## [What you should do]
Pictures must not appear; the answer is exactly the lines from the one that holds "Főnix - könyv" through the end of the material.

-- Available data follows --

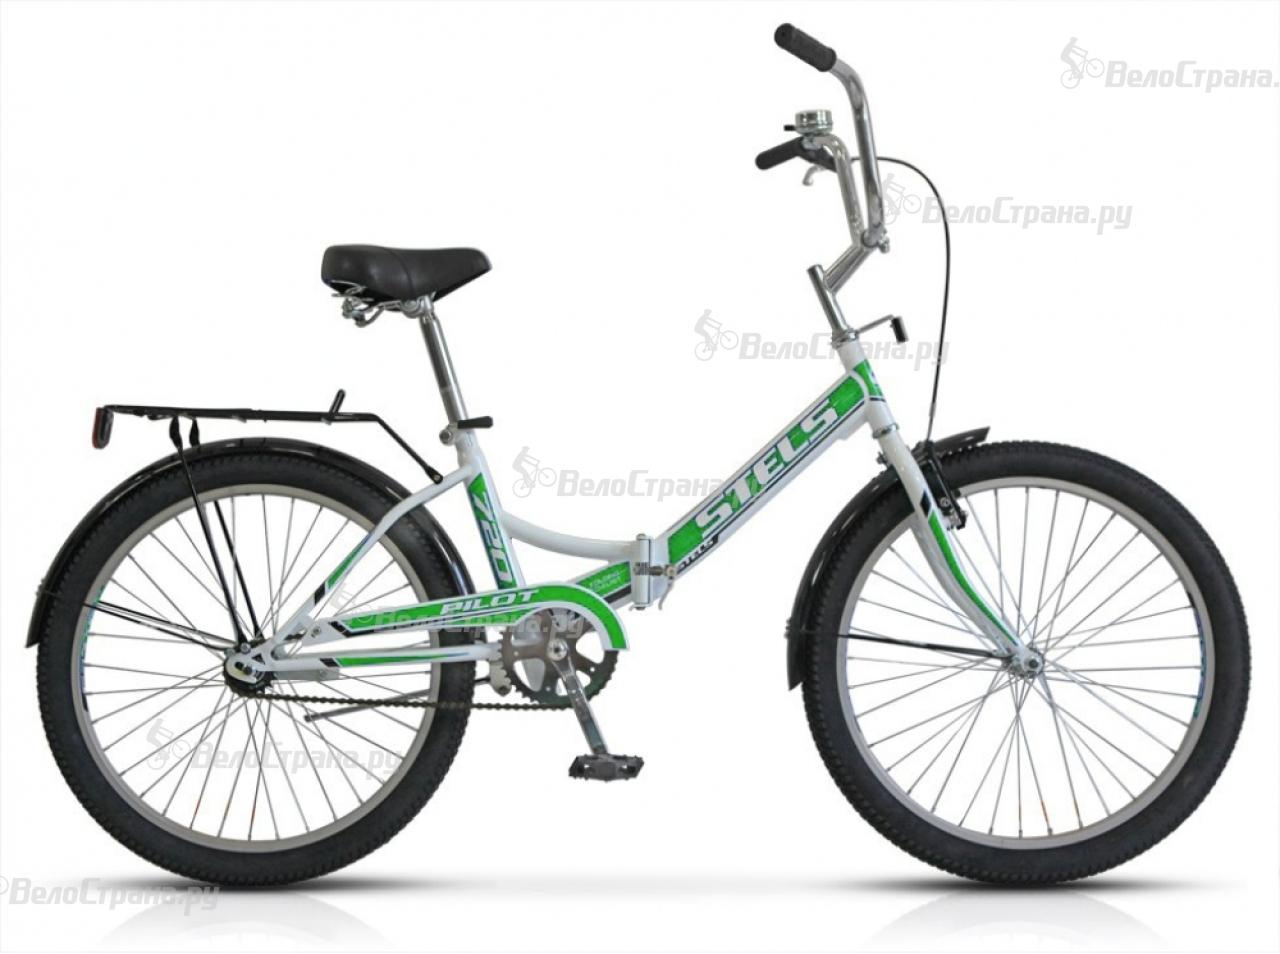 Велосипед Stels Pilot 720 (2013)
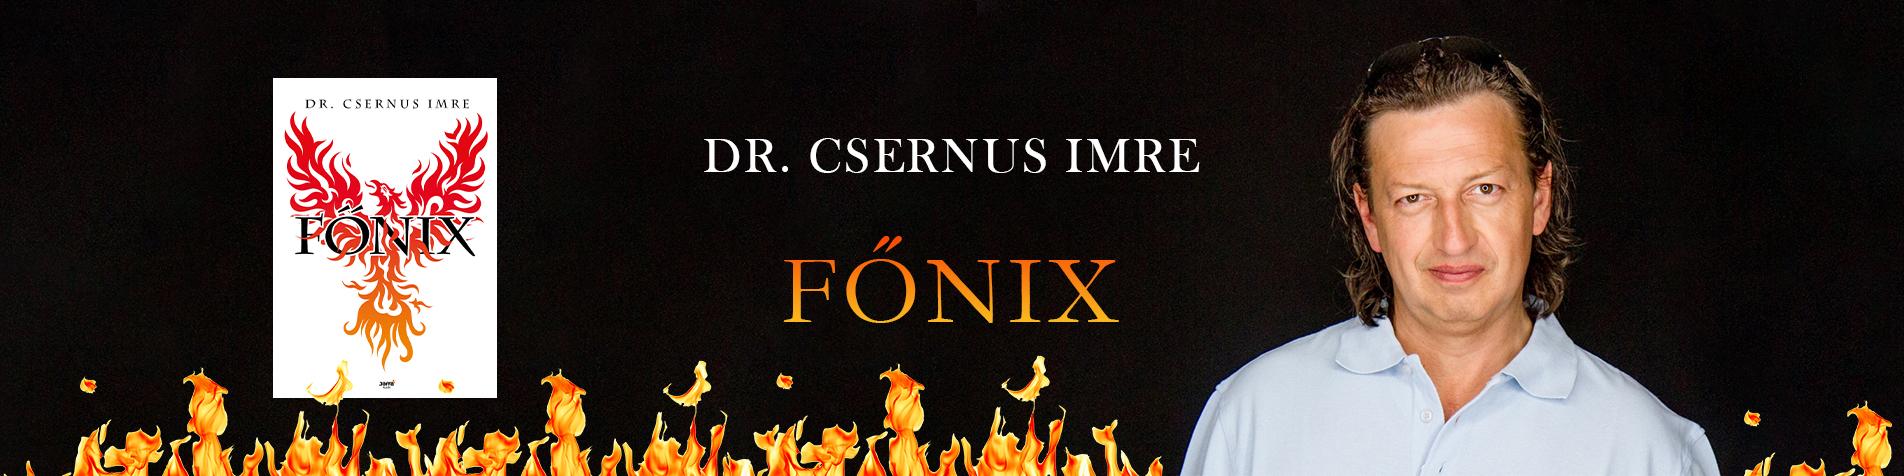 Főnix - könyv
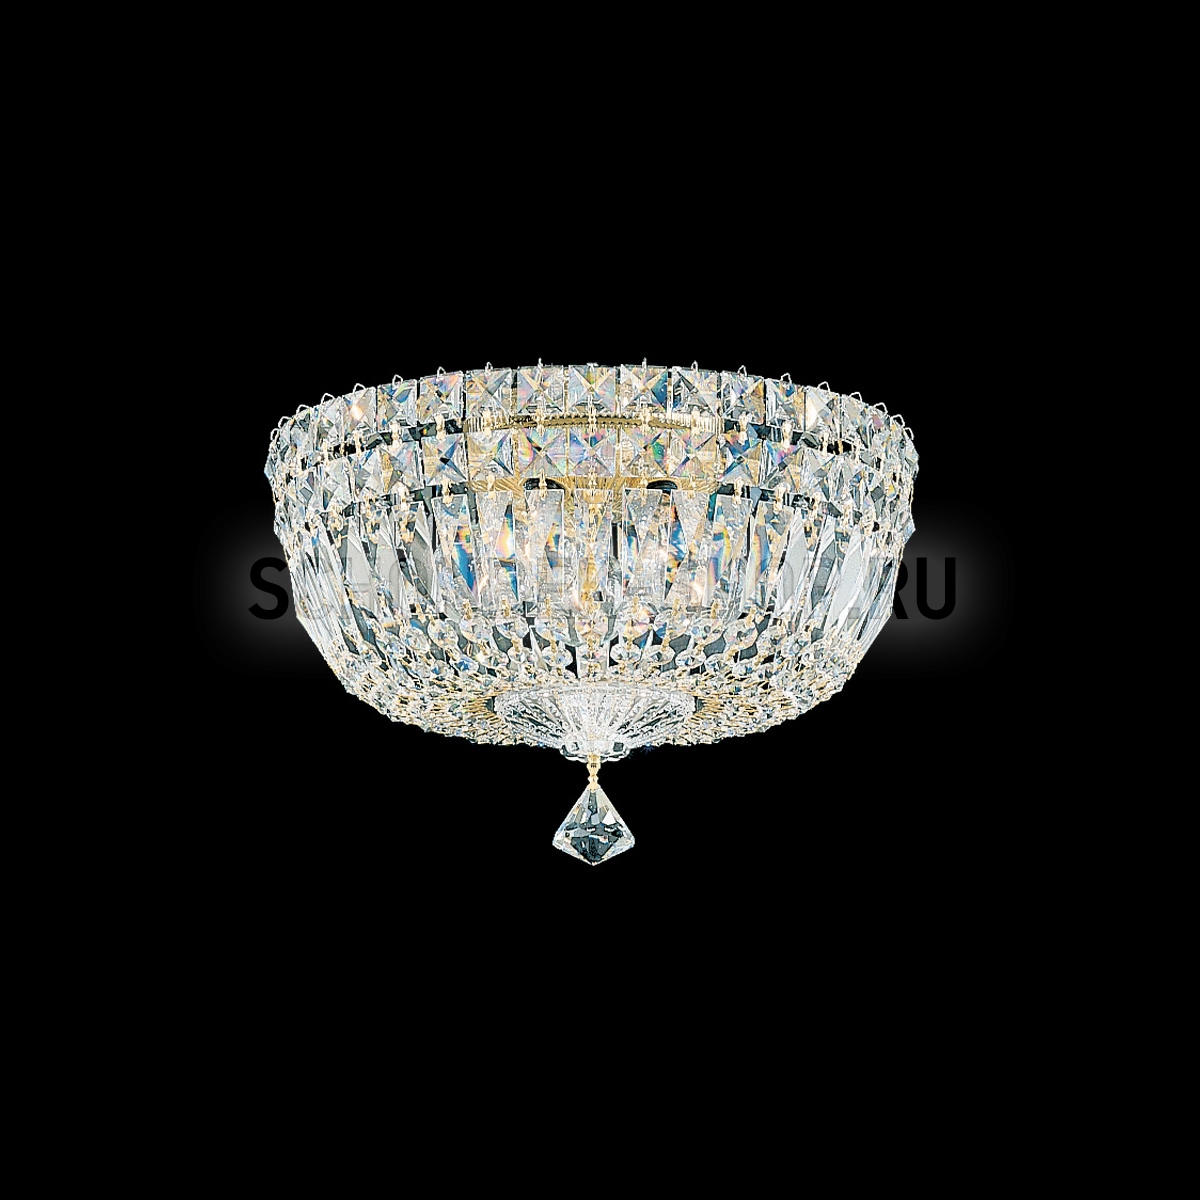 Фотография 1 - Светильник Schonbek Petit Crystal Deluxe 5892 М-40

-- Available data concluded --

## [Response to the exercise]
 Főnix - könyv
 Фотография 1 - Светильник Schonbek Petit Crystal Deluxe 5892 М-40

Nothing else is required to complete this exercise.